Sometimes in their old neighborhood, she’ll run into a person who loosely knew him and the loss hits her so strongly she can barely breathe. At Ace Hardware, there’s a manic woman, a waif who works outside waving a handmade sign advertising the store. Her clothes are colorfully mismatched. The sign is floppy and so large that the woman can barely see around it. Skinny and hopping, she is regularly almost nicked by fast moving traffic. Will would fill in for her occasionally so she could get off her feet.

And a few blocks south there’s another woman. This one is homeless. She lives on a street bench outside the yoga center that used to be a church. Will supplied her with a daily bagel, which the girls over at the deli gave him for free. Katie drops off a sandwich now and then. If the woman is coherent enough to ask about her brother, Katie shrugs and says, “I expect he’s moved on.” She still can’t bring herself to announce it out loud. Say to some stranger that Will is dead.

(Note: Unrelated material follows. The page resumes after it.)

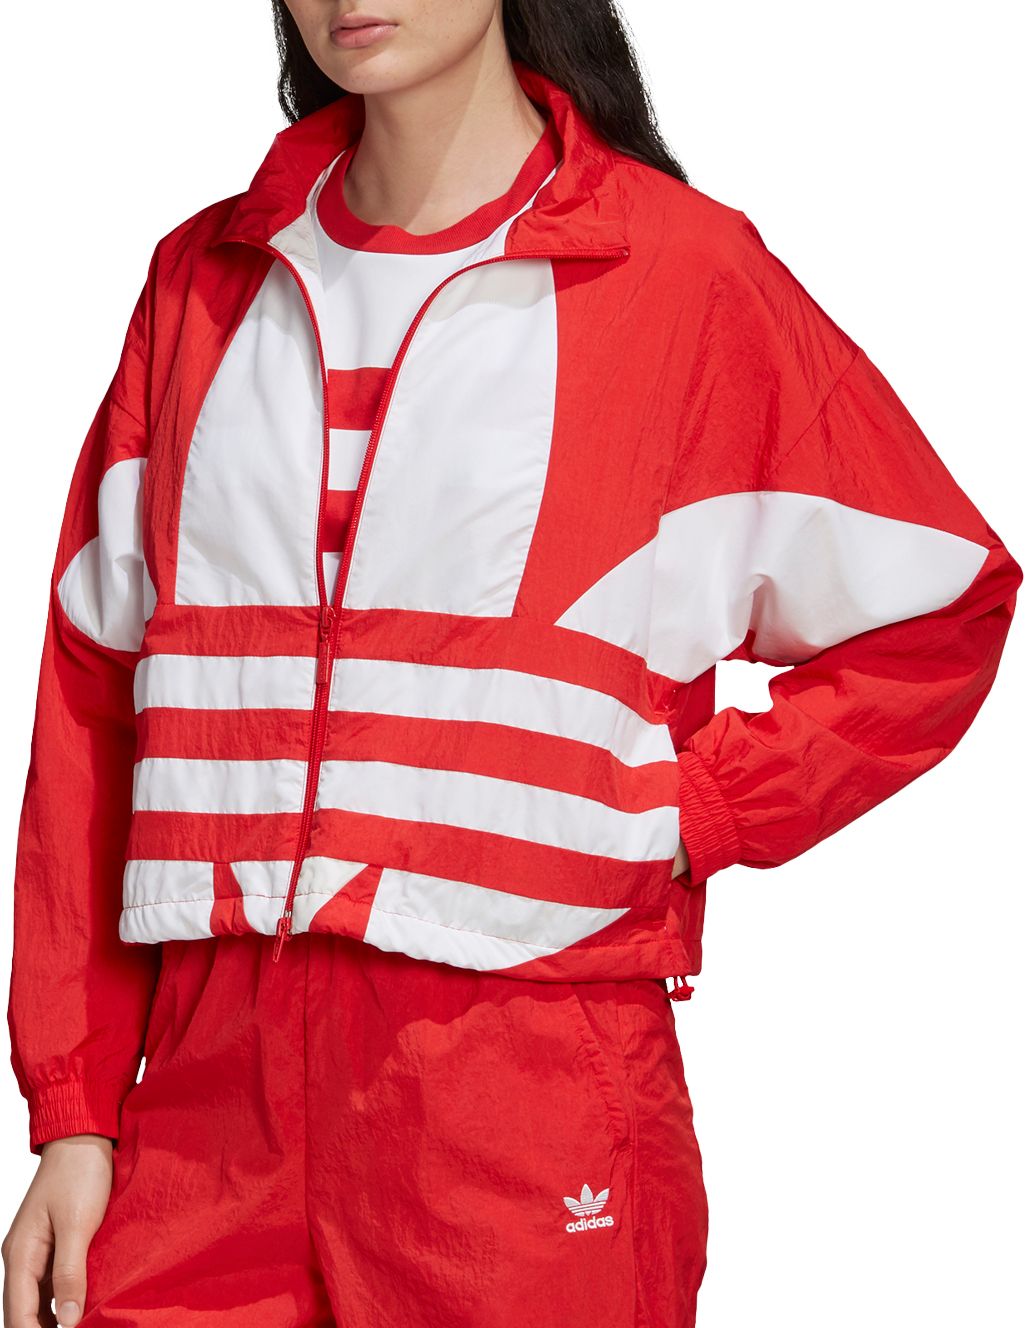 red adidas suit womens

Both of these women seem lost to her. Stuck in the in-between, biding their time, and this is how she imagines her brother. He’s in a place that’s between here and whatever is or isn’t beyond.

 The grass in her parent’s front lawn has dried up and turned brown. Katie checks the irrigation controller and finds it broken. There’s no way she can fix it so she takes on the blue- blossomed Plumbago. It was Will’s job to keep the bushes pruned, not that their parents ever asked him to. They’ve never cared much about the yard. Somewhere along the way she and Will decided to keep it up. Both felt embarrassed to be the only home on the street with a feral garden. “Let it go wild,” her father had told them. “Let it thrive ‘til it dies.”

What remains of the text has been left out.